Owls fan Richard is one of three Mills children who grew up in Hillsborough where his mum and dad still live. He’s also stayed in S6. “I couldn’t move away from the hallowed turf.”
He left school with no thought of university. “I had that entrepreneurial spirit, I wanted to do my own thing.”
That included setting up the Walnut Club, a restaurant in Hathersage and champagne bar in Ecclesall Road. He also ventured into sport with Swellaway, an electronic device to treat sports injuries.
It is a fan which clips around the affected body part to cool, heat and compress muscles, doing away with the need for ice or water treatment
Footballer Wayne Rooney was lead investor in the company behind the device. “He’s a really nice guy, came to meetings and was an active investor.”
Richard left in 2015 but still has shares and will tap up Rooney for funding for the next stage of SleepCogni, which is rolling it out to sleep clinics.
“I’m really excited about SleepCogni. Getting that data a few weeks ago was game-changing. For it to show the device helped people fall asleep and sleep better, to reduce insomnia in seven days was phenomenal, when you consider this is without drugs or tablets. It could save people's lives.
“If you don’t sleep well, you don’t perform well. It is linked to mental health but is often overlooked.
“During the pandemic and the tough times of the last 12 months people having difficulty falling asleep has increased by 70%.
“This product is a new way for people to sleep, to manage that rather than do it with drugs.
“Now we are raising £1million to roll it out to four sleep clinics, two in America and two here. That is the work for the next six months.”
He’s already a third of the way there and the dream is to get the product in some of the 4,000 sleep clinics in the US within 18 months.
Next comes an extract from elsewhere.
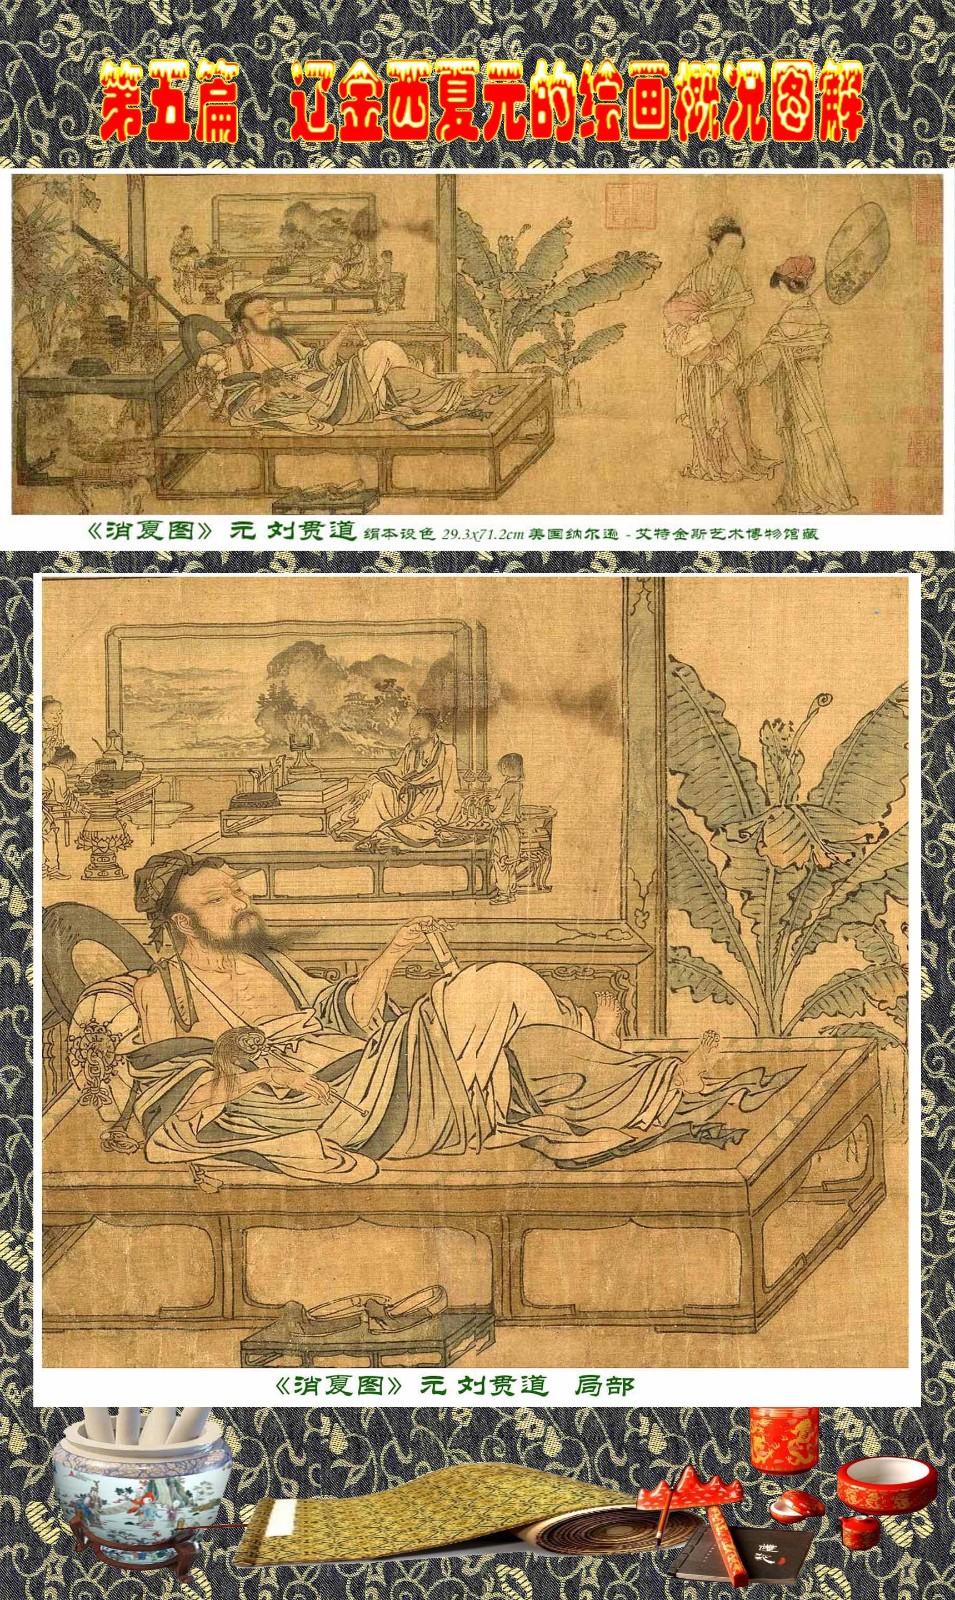 顾绍骅编辑 中国画知识普及版 第五篇 辽金西夏元的绘画概况 下 ... ..._图1-17
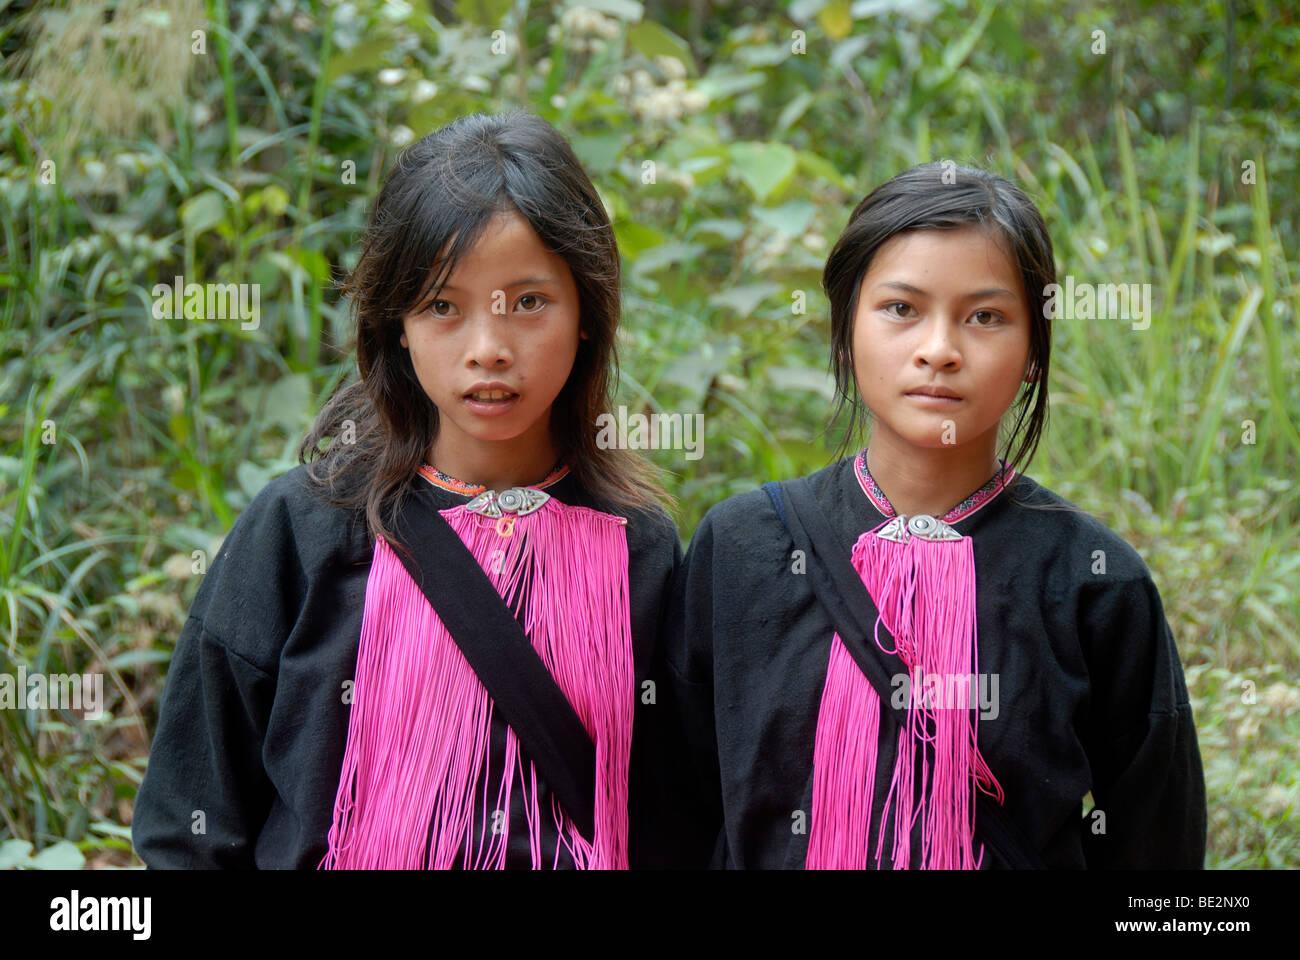 Porträt, Ethnologie, zwei junge Frauen der Volksgruppe der Yao, rosa Fäden als Schmuck, Ou Tai, Distrikt Stockbild

Dad-of-one Richard knew things were looking good when his daughter Ella, six, came to stay. “I had left the ring on the side and she picked it up. Within five minutes she was asleep! It normally takes me an hour.
“She has used it since and fallen asleep quickly. When people use this, they start to understand how stress and anxiety affects them.”
And this month, SleepCogni was shortlisted for the Good Health and Well-Being Award.
Richard said: “To be shortlisted and recognized by the CogX judges, along with Babylon health, who are the biggest health tech company to come out of the UK in the past decade in my opinion, is an amazing acknowledgment of how far SleepCogni has come.
“Where else could you share a platform with the amazing Eric Topol, who is the pioneer of personalised medicine to global superstars like Robert Downey Jnr, Matthew McConaughey and Nile Rodgers.”
It sounds like Richard could become a very rich man, but he has other goals. “My aim is to change the world and do something cool.
“I want the investors who backed me to become rich to thank them for their faith.
“If I can help people the GPs can’t help, apart from with tablets, having an alternative would be game changing.”